On the other hand, a study done by [18] showed lasting benefits of early intervention, this evidence is not sufficient to exclude the value of early intervention. The main reasons for this are the lack of precision in identifying infants for intervention studies and insufficient difference between the interventions offered to the intervention and control group. Although we realize that early identification of all infants with CP in the general population will not be possible, we propose a research agenda directed at large-scale identification of infants with early signs of CP and testing of high-intensity, early interventions in which the infant actively participates.
6. Conclusion
Significant improvement has in fine motor, cognation and gross motor in group I, II and III after 6 months of regular physiotherapy and conductive education program.

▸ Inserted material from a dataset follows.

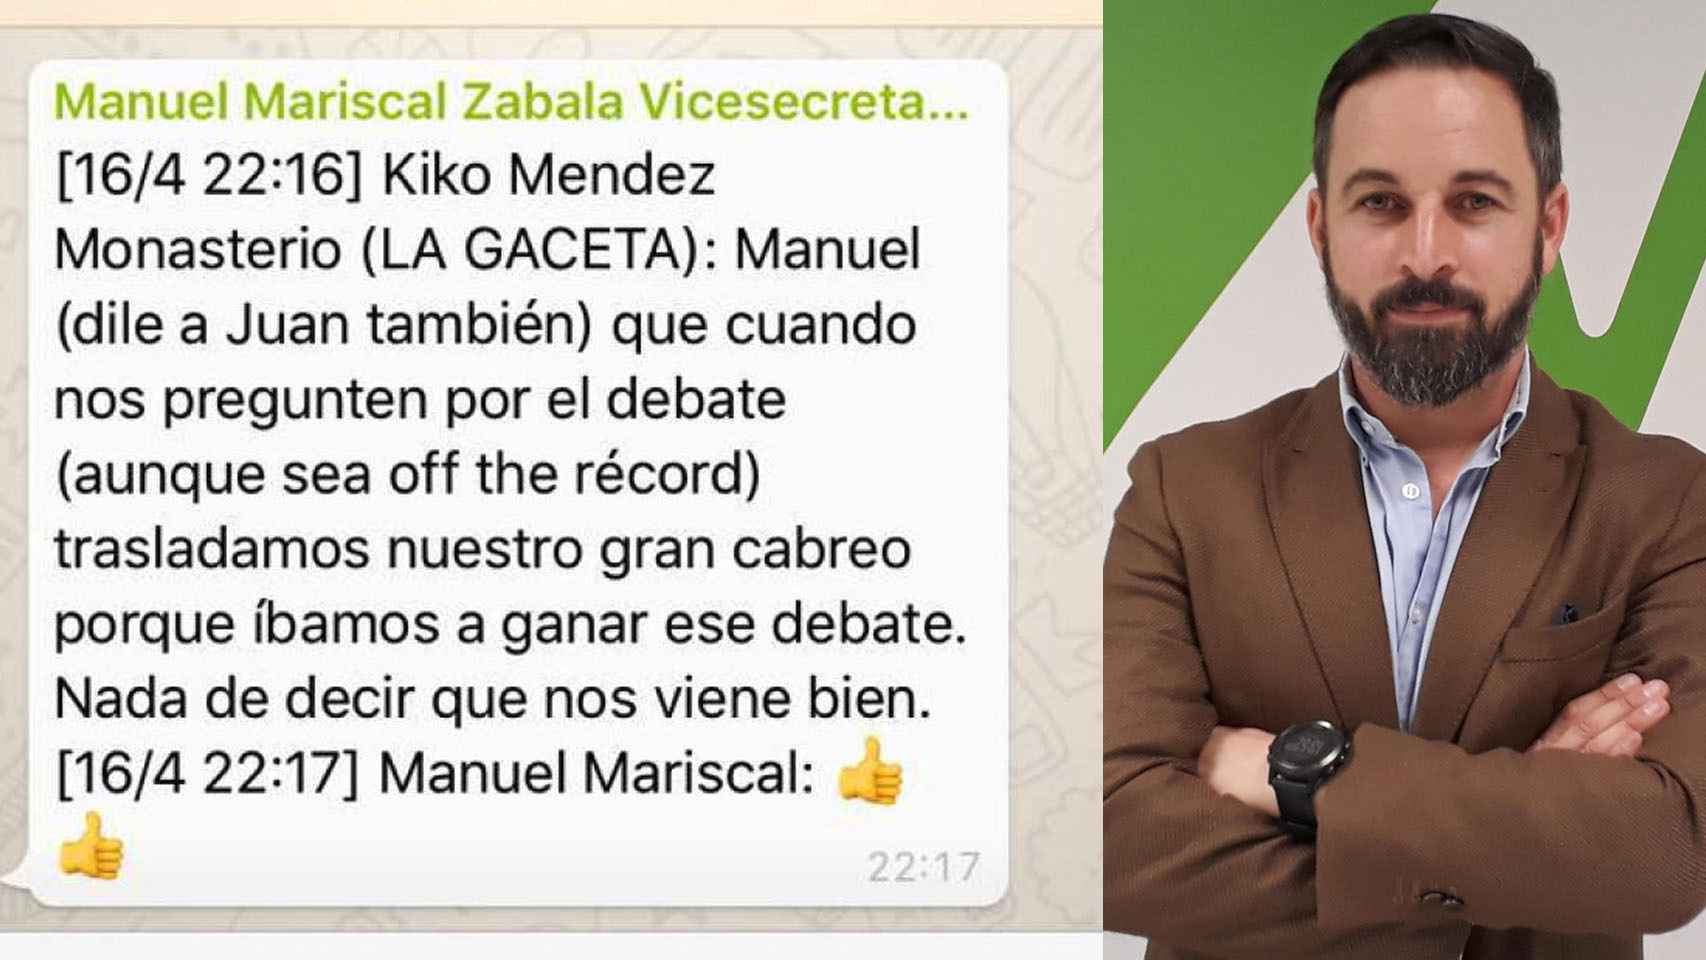 Conversación publicada por error por el vicesecretario de Comunicación de Vox, Manuel Mariscal.

Early start physiotherapy and conductive education program gave us better outcome.
7. Recommendation
1) Infants who have any risk factor for development of cerebral palsy should be monitored by pediatric neurologist to follow up this infant every 2 months by developmental quotient.
2) If the child diagnosed as cerebral palsy must be started physiotherapy and conductive education program early as possible and regular in this session to reach to the maximum level of improvement.
3) Further studies on large number are needed to determine which early developmental interventions are the most effective in improving cognitive and motor outcomes.